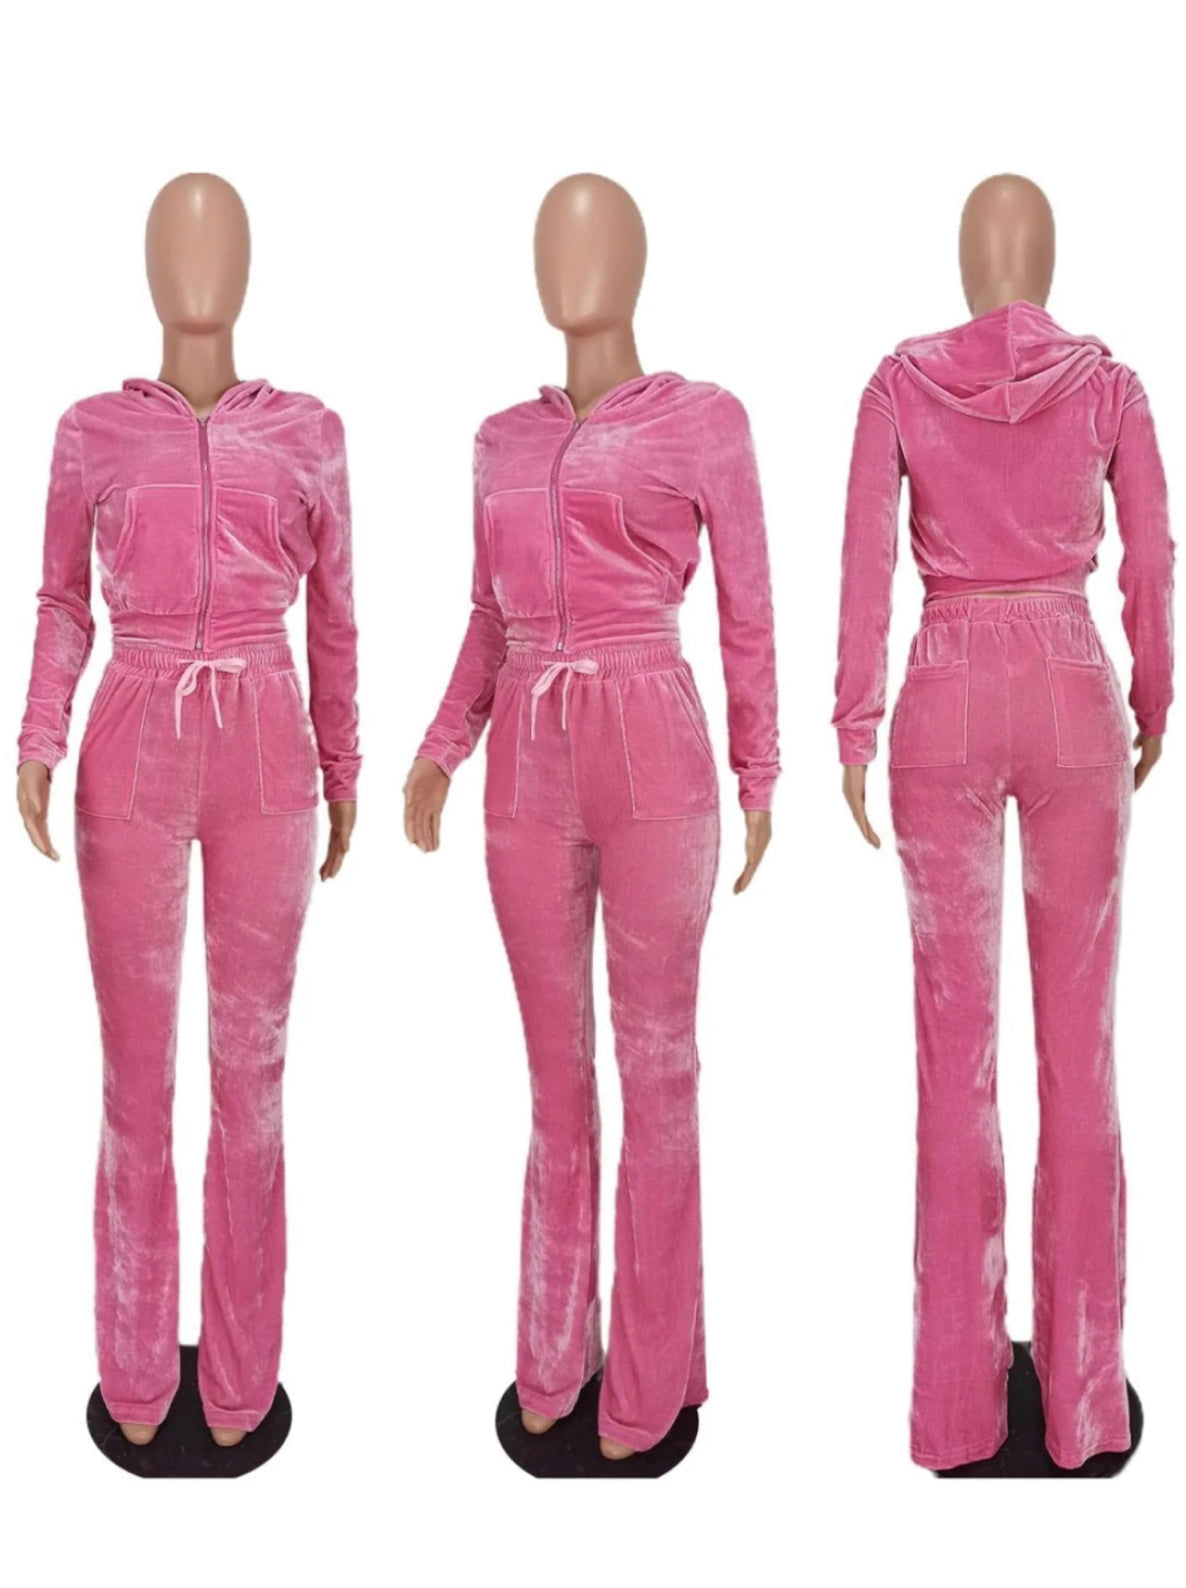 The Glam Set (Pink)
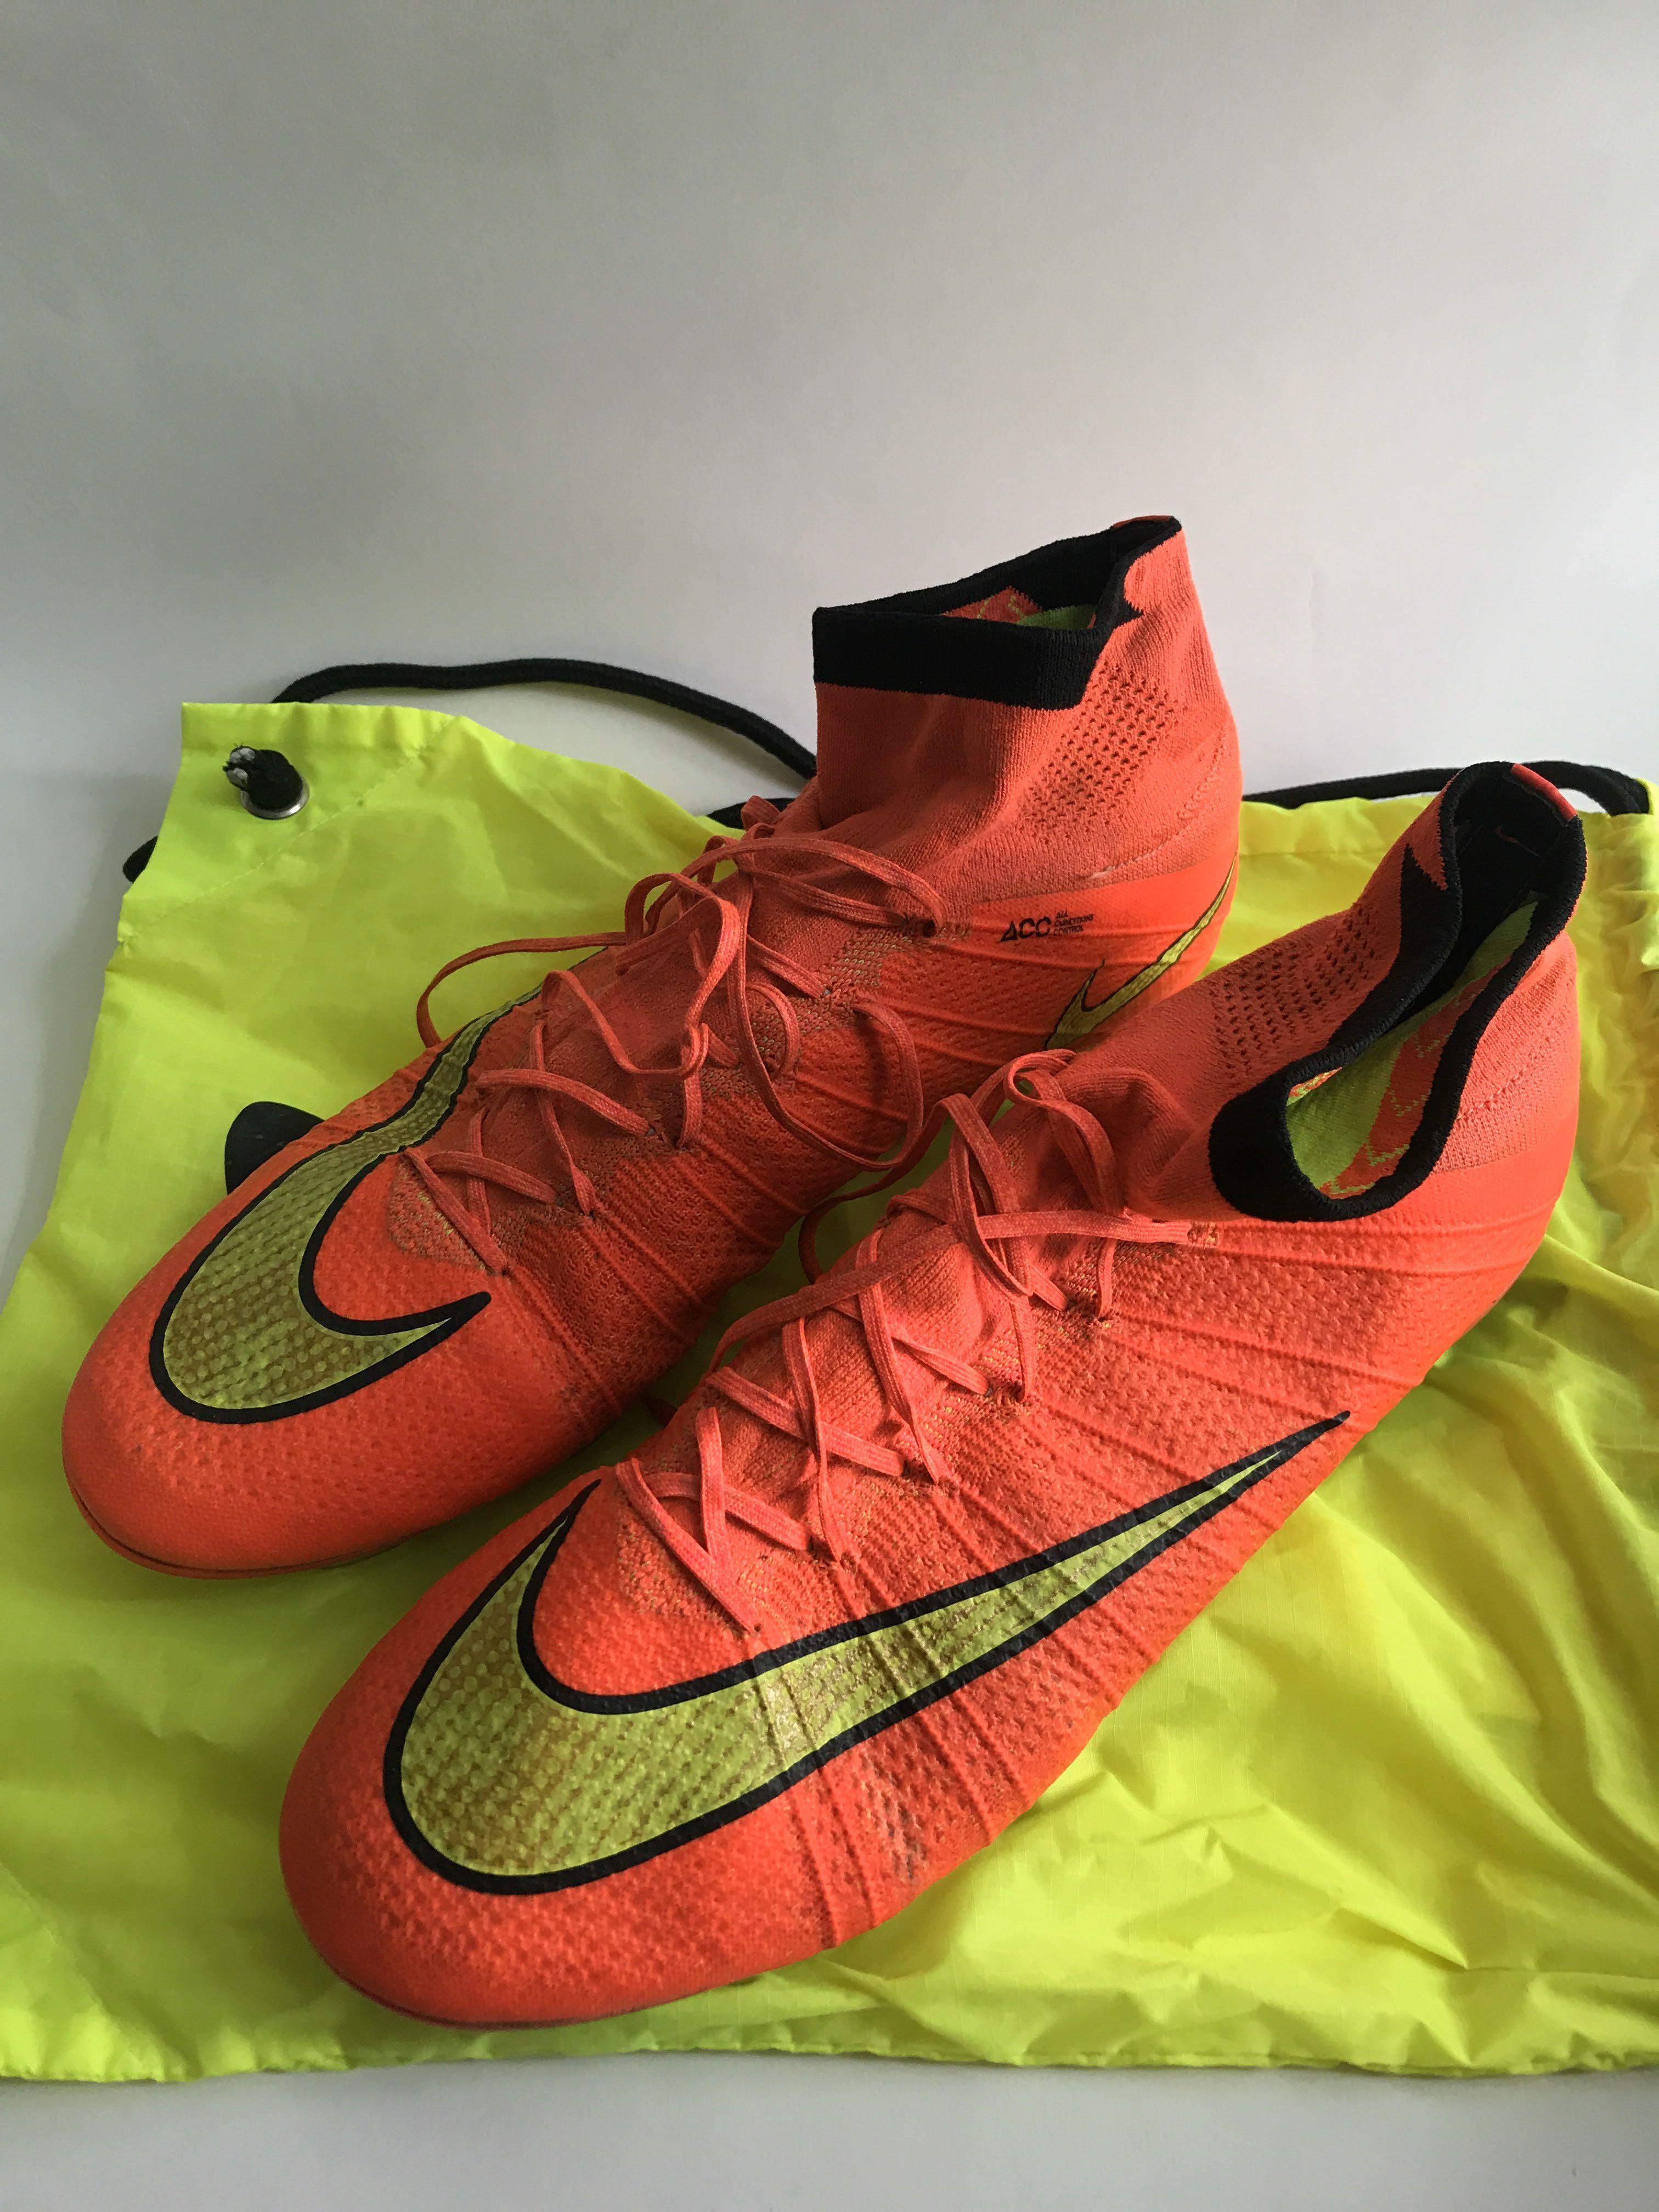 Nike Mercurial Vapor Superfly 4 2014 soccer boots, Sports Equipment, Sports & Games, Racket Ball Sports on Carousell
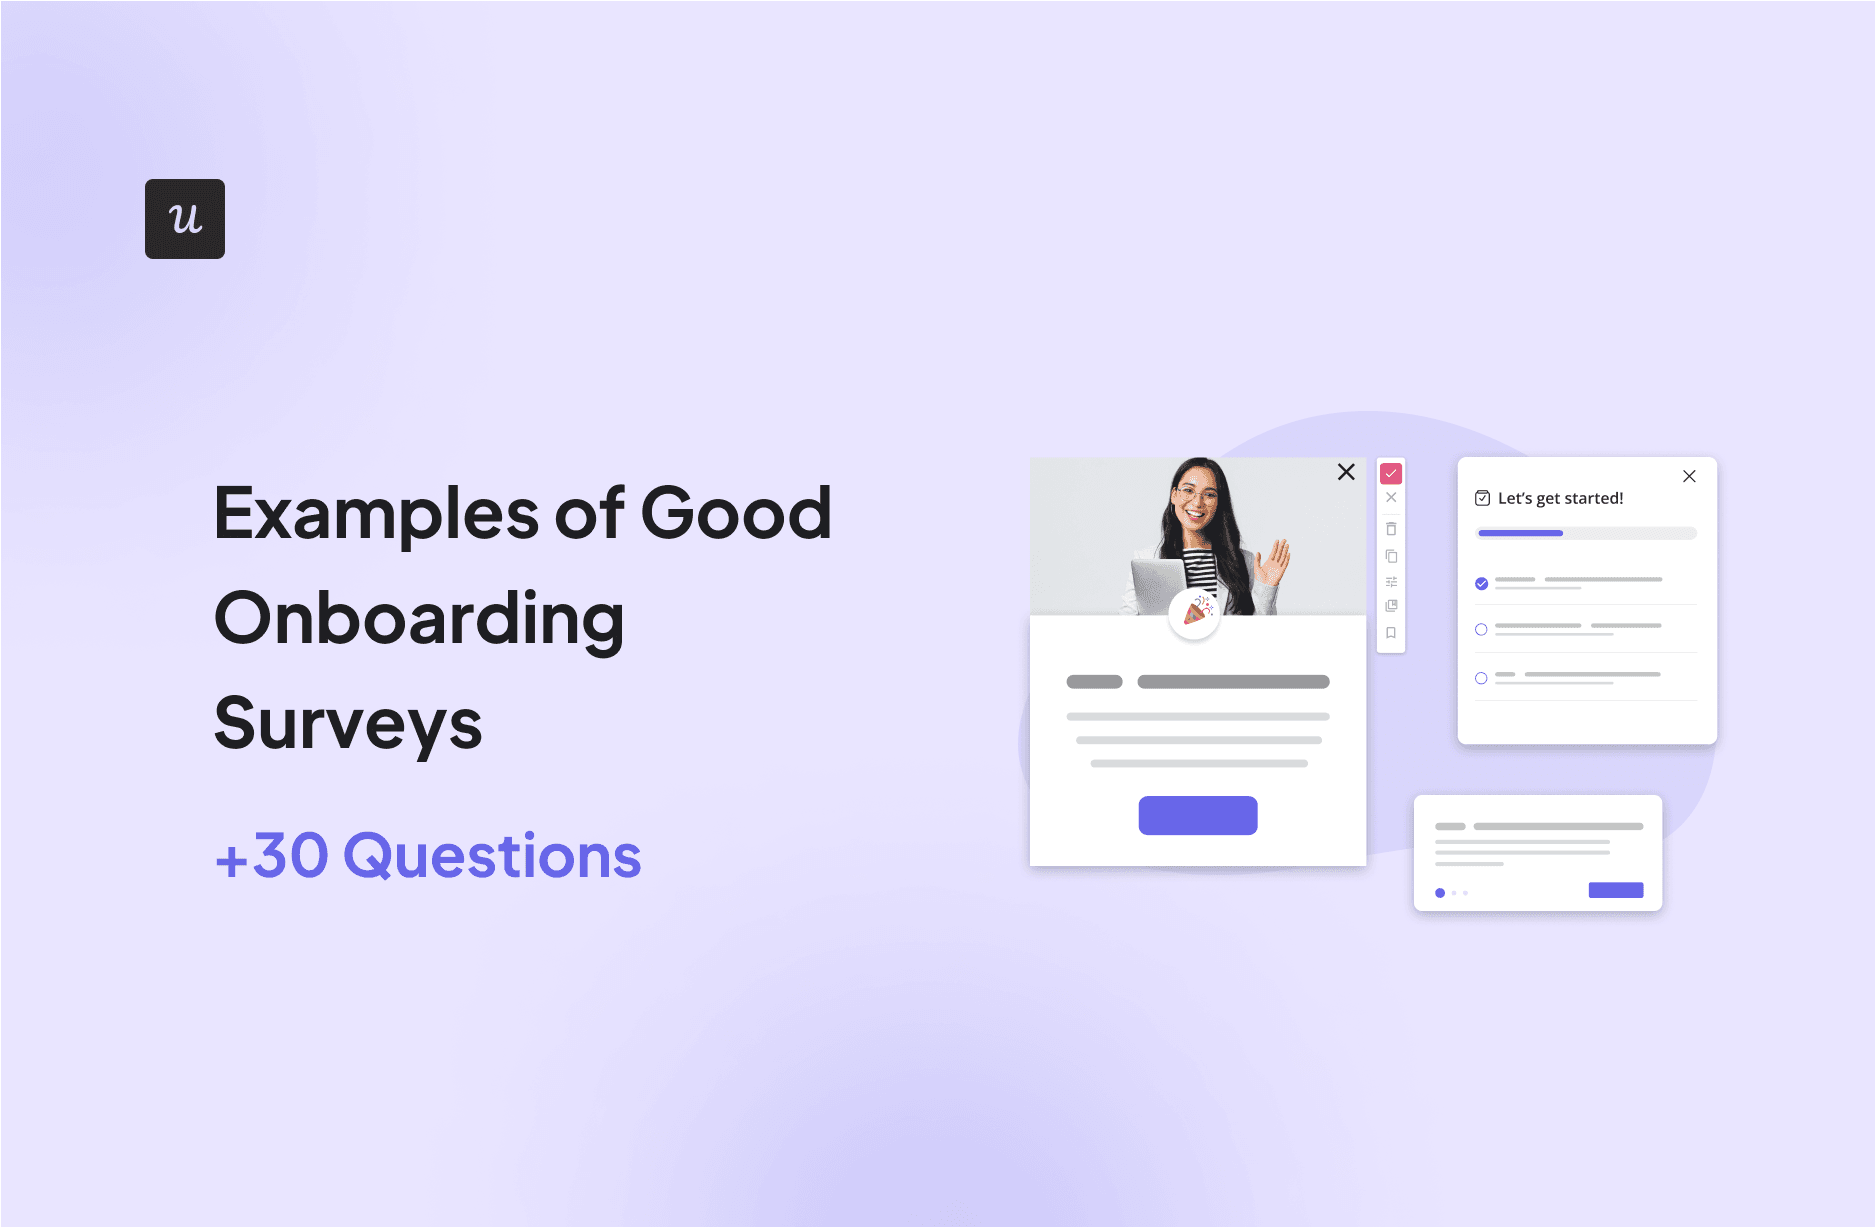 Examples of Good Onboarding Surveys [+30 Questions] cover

ABOUT THIS EXERCISE: Only one thing is required here: an exact copy of the lines from the one bearing "Nike Mercurial Vapor" through the final line above, both included, with pictures left out.

TASK SOLUTION:
 Nike Mercurial Vapor Superfly 4 2014 soccer boots, Sports Equipment, Sports & Games, Racket Ball Sports on Carousell
 Examples of Good Onboarding Surveys [+30 Questions] cover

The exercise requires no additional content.